Should Publicly Traded Companies Disclose Whether Executives or Shareholders Pay the Company's Fines? (S. 1912)
Do you support or oppose this bill?
What is S. 1912?
(Updated October 6, 2019)
This bill would require publicly traded companies to disclose in their annual reports and proxy statements whether a company has established procedures to recoup compensation executive officers to pay for fines or penalties assessed to the corporation. Companies would be required by the Securities and Exchange Commission to disclose the amount recouped from any executive officer during the three most recent fiscal years. If a company hasn’t established such procedures, it would be required to provide an explanation of why they aren’t beneficial for the company’s shareholders.
Argument in favor
Senior executives need to take more responsibility for fines levied against their corporation that they’re accountable for. That means giving up some of their compensation so shareholders don’t have to foot the bill.
Argument opposed
Corporations as a whole should be responsible for paying fines and penalties assessed against them, they shouldn’t be “encouraged” by the SEC to make executives foot the bill.
Impact
Shareholders; publicly traded companies; senior executives; and the SEC.
Cost of S. 1912
A CBO cost estimate is unavailable.
Additional Info
In-Depth: Sponsoring Sen. Jack Reed (D-RI) introduced this bill to require publicly traded companies to disclose policies on whether senior executives or shareholders bear the costs of paying the company’s fines and penalties:
“Senior executives, many of whom are eager to take credit for a company’s good news, must also take more responsibility for the bad news, especially if it is true that the buck stops with them.
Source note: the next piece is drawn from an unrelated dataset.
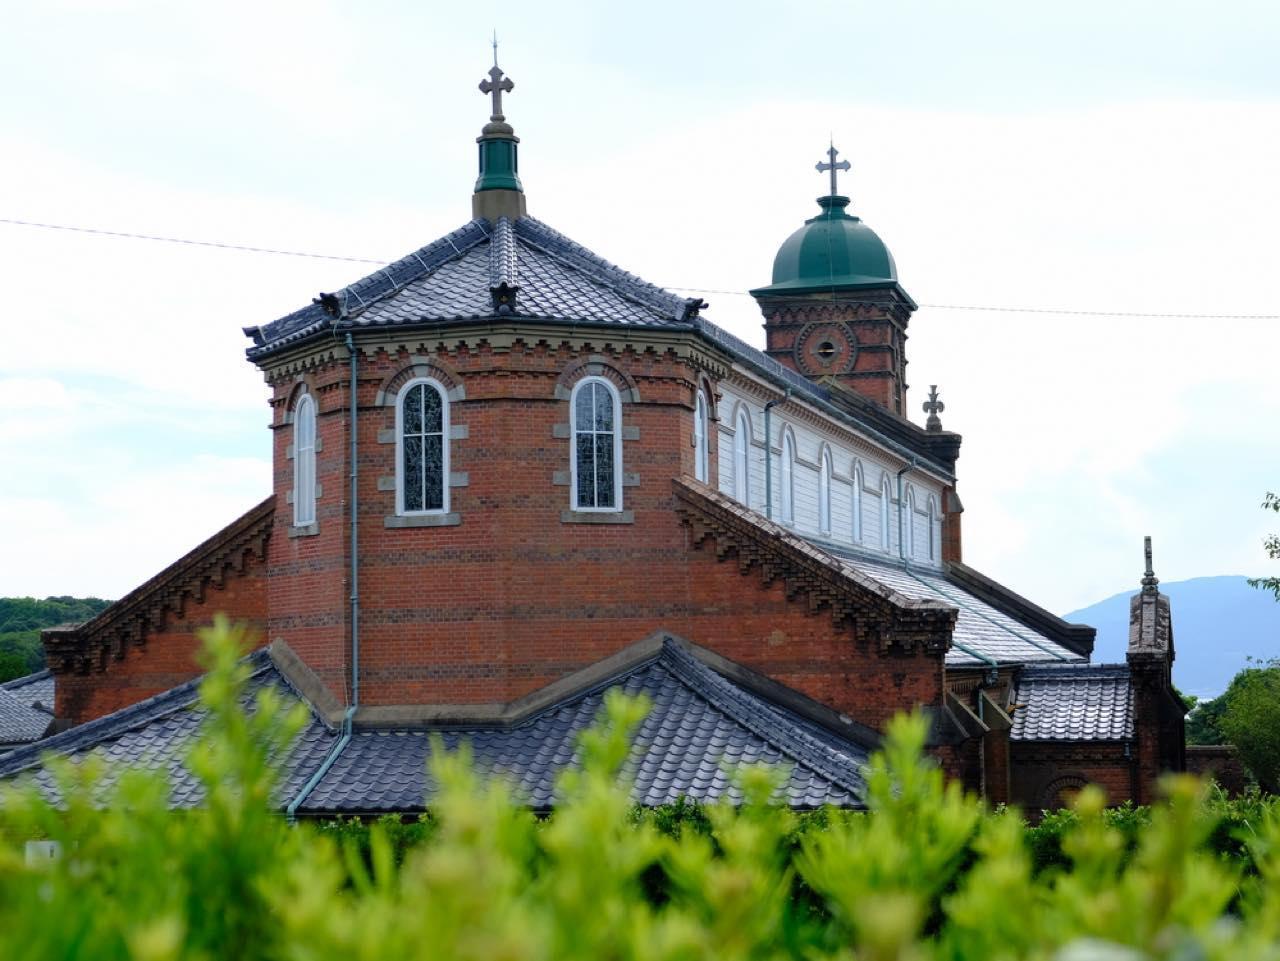 画像: 裏側から見た雰囲気も、これがまた全然違っていて、八角形のドーム、そして黒光りする瓦屋根と印象的。様々な教会に携わってきた鉄川が自らの建築の技を全て結集させ完成させたと言っても過言ではない、素晴らしい教会です。

For example, the Financial Crisis Inquiry Commission concluded ‘the financial crisis reached cataclysmic proportions with the collapse of Lehman Brothers,’ and yet, according to the Congressional Research Service, not a single senior executive officer at Lehman Brothers at the federal level was charged, went to jail, or personally paid a federal fine or penalty for the damage caused at Lehman Brothers that rippled through our economy in 2008. Companies must do a better job of aligning executive incentives so that they are motivated to put their shareholders, and not themselves, first.”